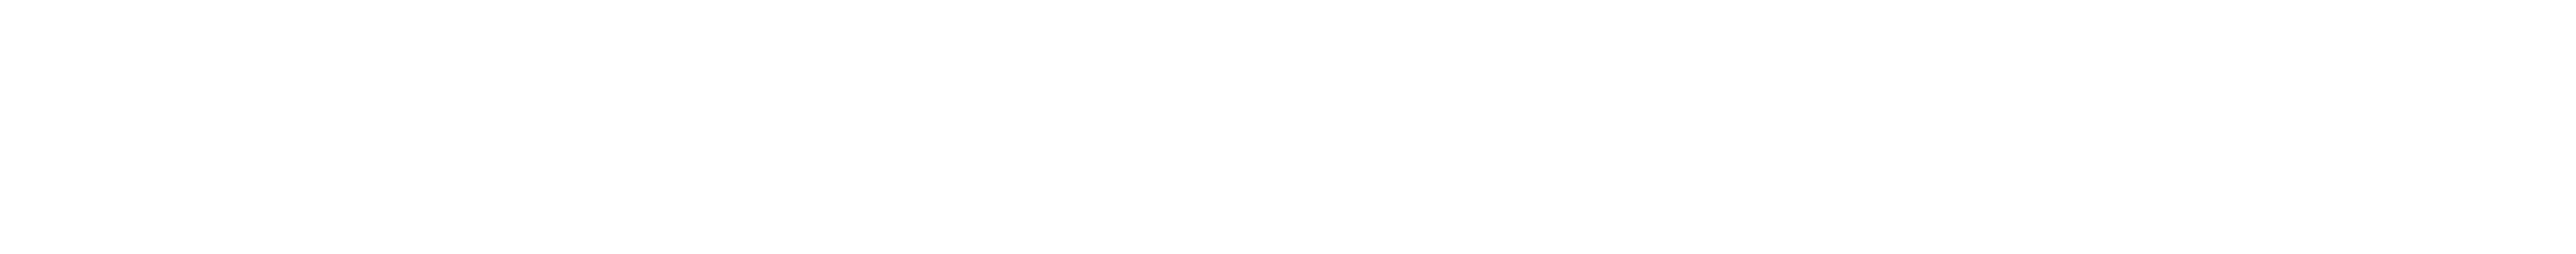 Louis 2020 branding final (2 white)
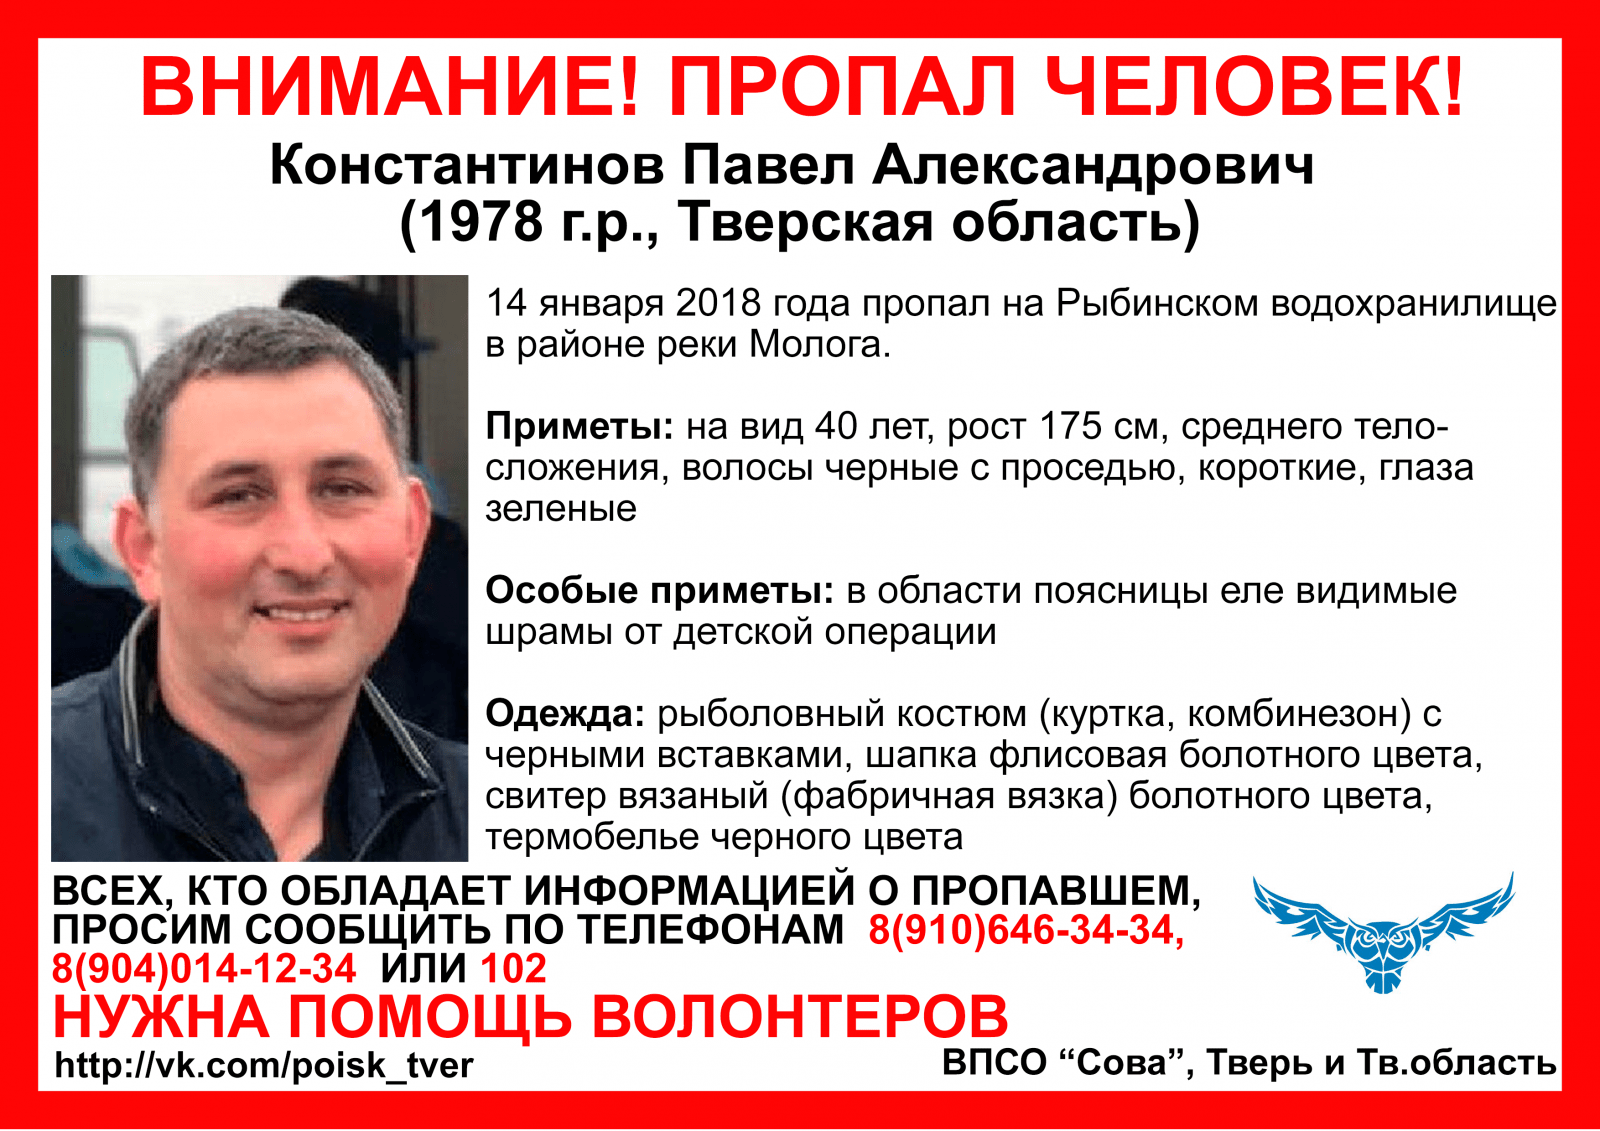 Пропал Константинов Павел Александрович (1978 г.р.)
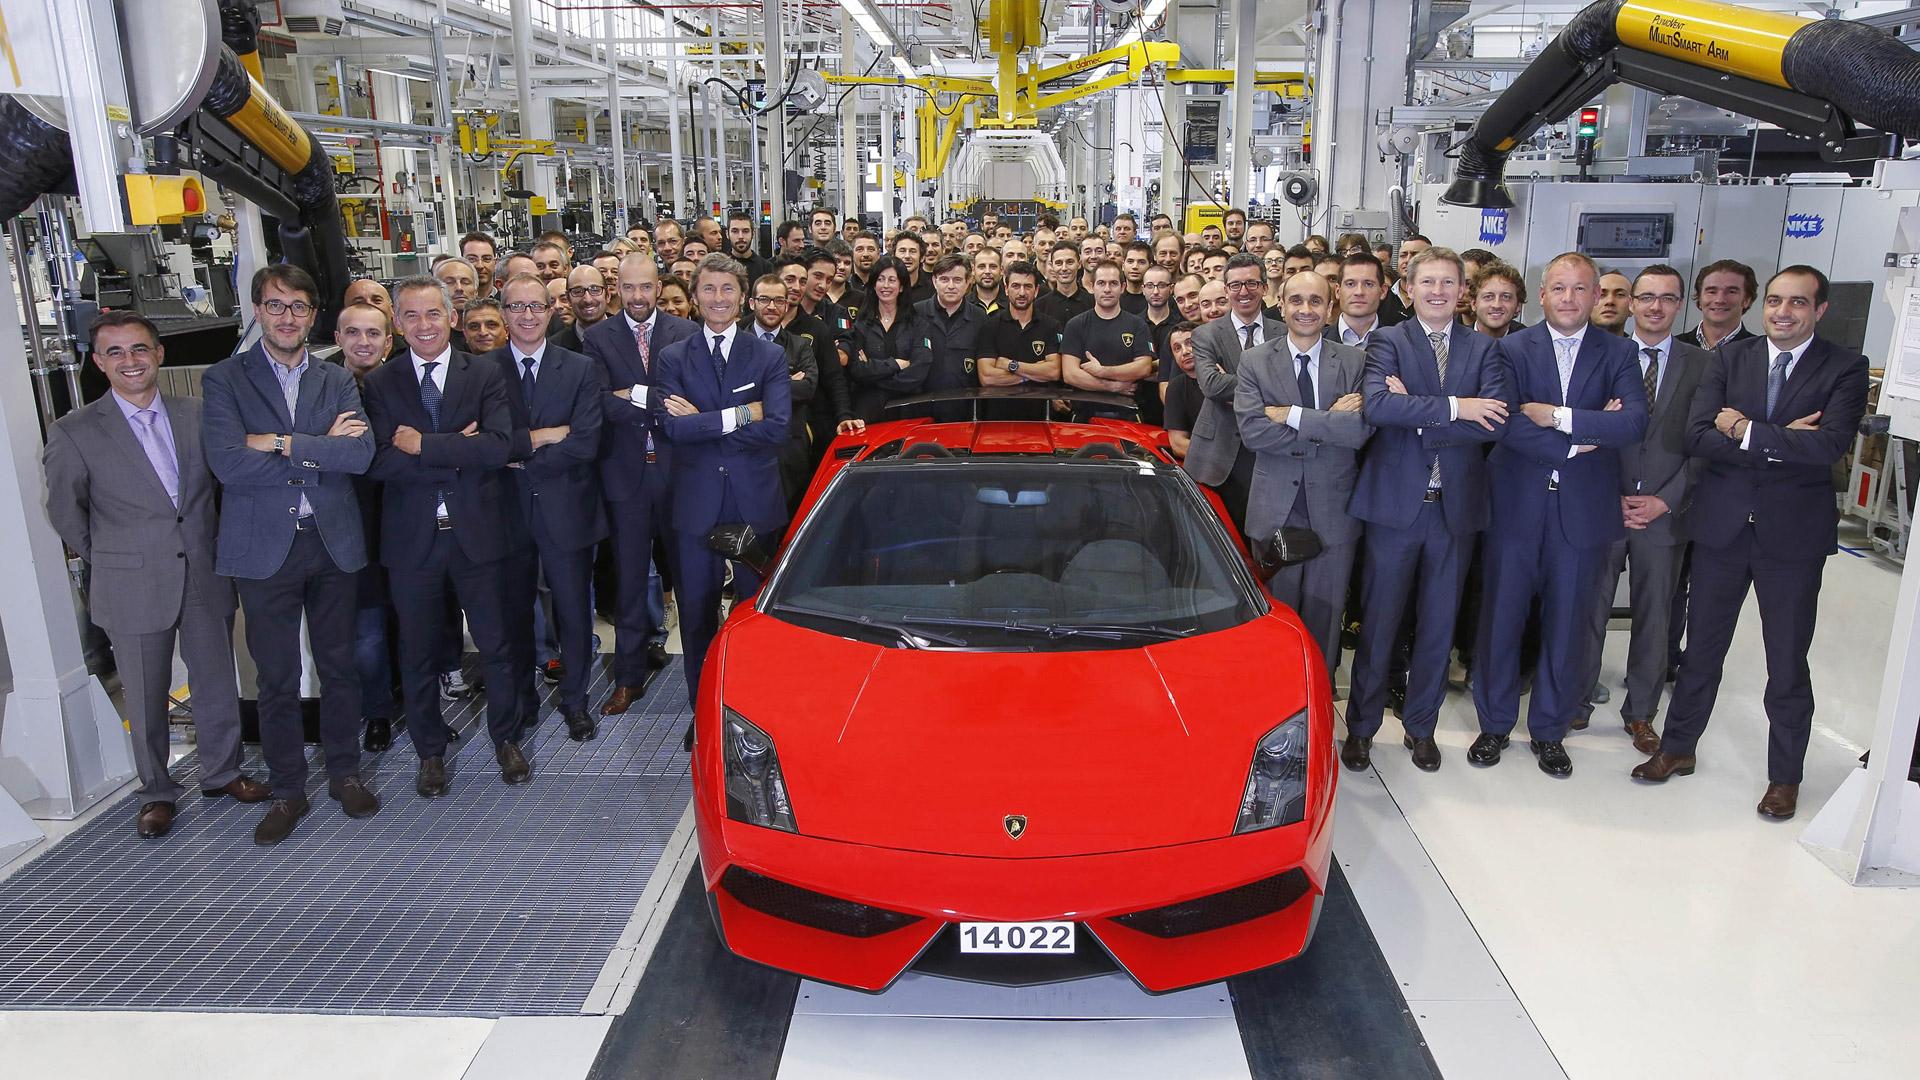 Angka 14022 – Gallardo Terakhir Lamborghini

....................

What you return must match the data above exactly, with no images included.

#### YOUR SOLUTION:
 Louis 2020 branding final (2 white)
 Пропал Константинов Павел Александрович (1978 г.р.)
 Angka 14022 – Gallardo Terakhir Lamborghini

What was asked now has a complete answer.